On Tue, 19 Mar 2013, Richard Henderson wrote:
On 03/19/2013 08:47 AM, Marc Glisse wrote:
(define_insn_and_split "avx_<castmode><avxsizesuffix>_<castmode>"
[(set (match_operand:AVX256MODE2P 0 "nonimmediate_operand" "=x,m")
- (unspec:AVX256MODE2P
- [(match_operand:<ssehalfvecmode> 1 "nonimmediate_operand" "xm,x")]
- UNSPEC_CAST))]
+ (subreg:AVX256MODE2P
+ (match_operand:<ssehalfvecmode> 1 "nonimmediate_operand" "xm,x") 0))]
"TARGET_AVX"
"#"
"&& reload_completed"
[(const_int 0)]
I'm not fond of this, primarily because I believe the pattern should
not exist at all.
Sure, removing it would be even better.
One of the following is true:
(1) reload needs working around (thus all the reload_completed nonsense)
or
(2) the entire pattern is useless and would be subsumed by mov<mode>
or
(3) the entire pattern is useless and is *already* subsumed by
mov<mode>, since mov is earlier in the md file, making this
pattern dead code.
We need something to expand _mm256_castpd128_pd256 to. I tried making it a
define_expand (with the subreg pattern, and keeping the {} part intact),
but that gives check_rtl errors in lra.
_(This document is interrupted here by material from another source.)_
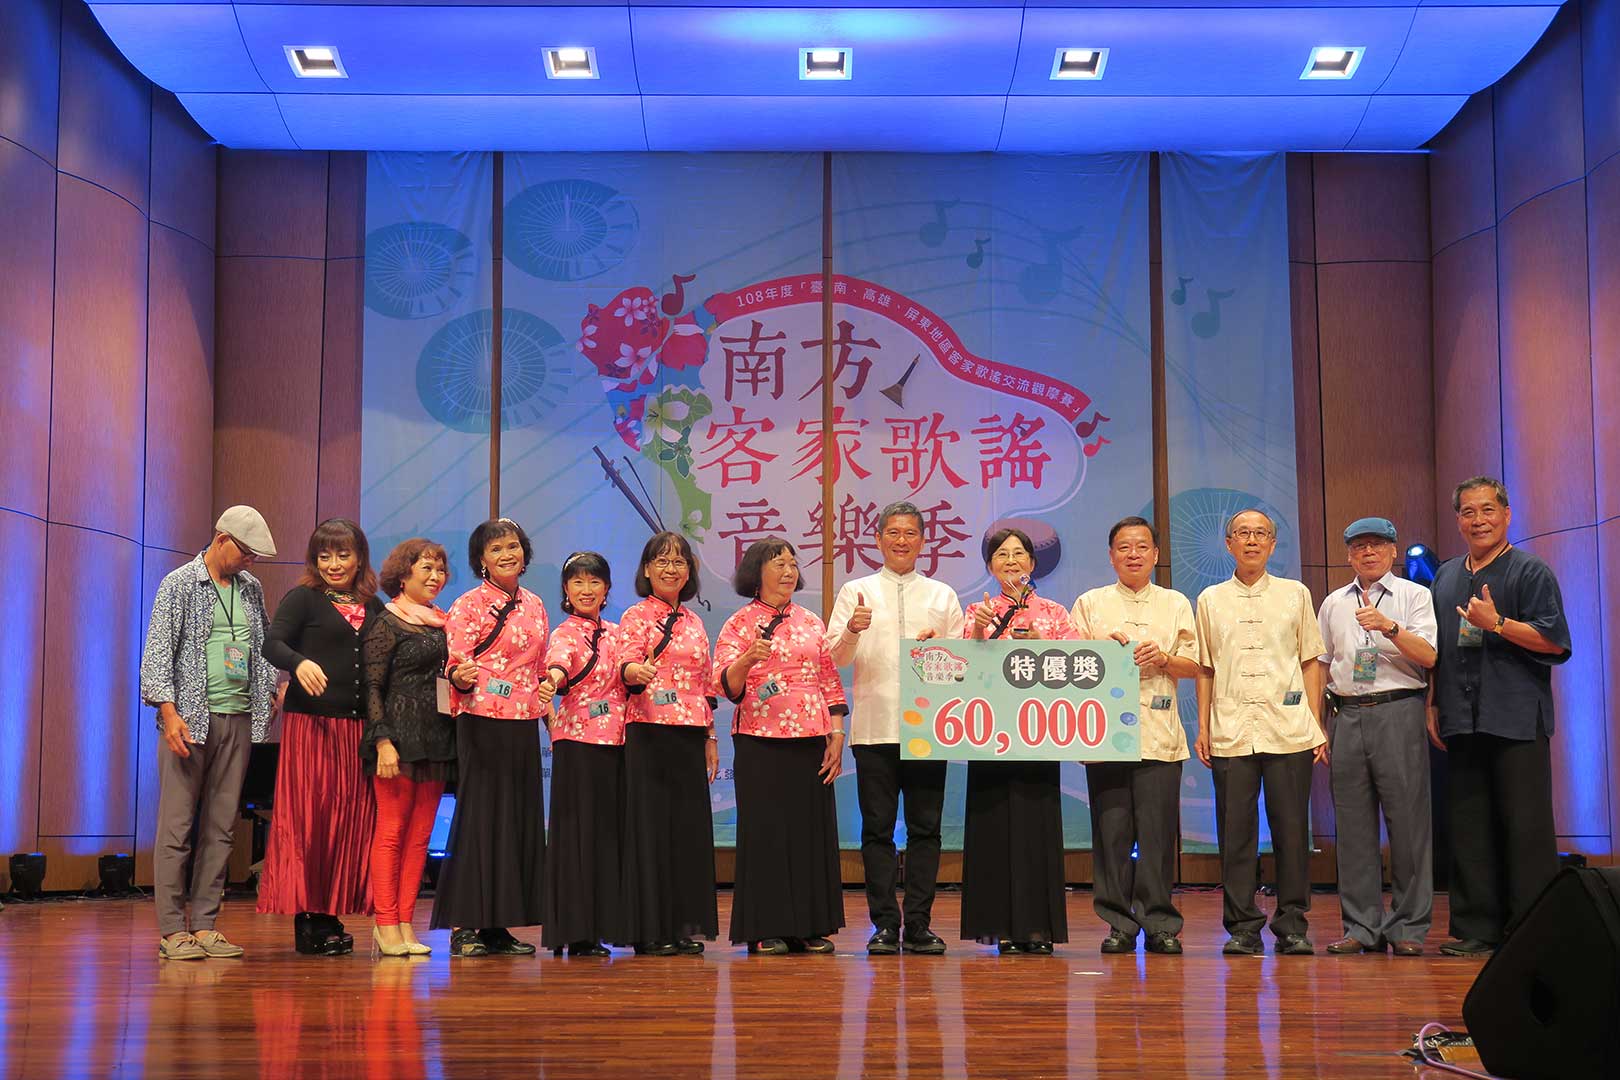 High Distinction Award granted to Yueh Kuang Shan Choral

I then tried to remove the REG_P
condition and use simplify_gen_subreg or gen_lowpart, but the first one
gives unrecognizable insn at -O0 (same as removing the {} part completely)
(it seems happier at -O1), while the second ICEs (gen_lowpart_common
returns 0) for any -Ox except -O0. As must be obvious from this paragraph,
I just tried a few random bad ideas... and when none worked I posted the
minimal patch that worked.
Do you at least agree that vector-vector subregs make sense, or is that
part wrong as well?
--
Marc Glisse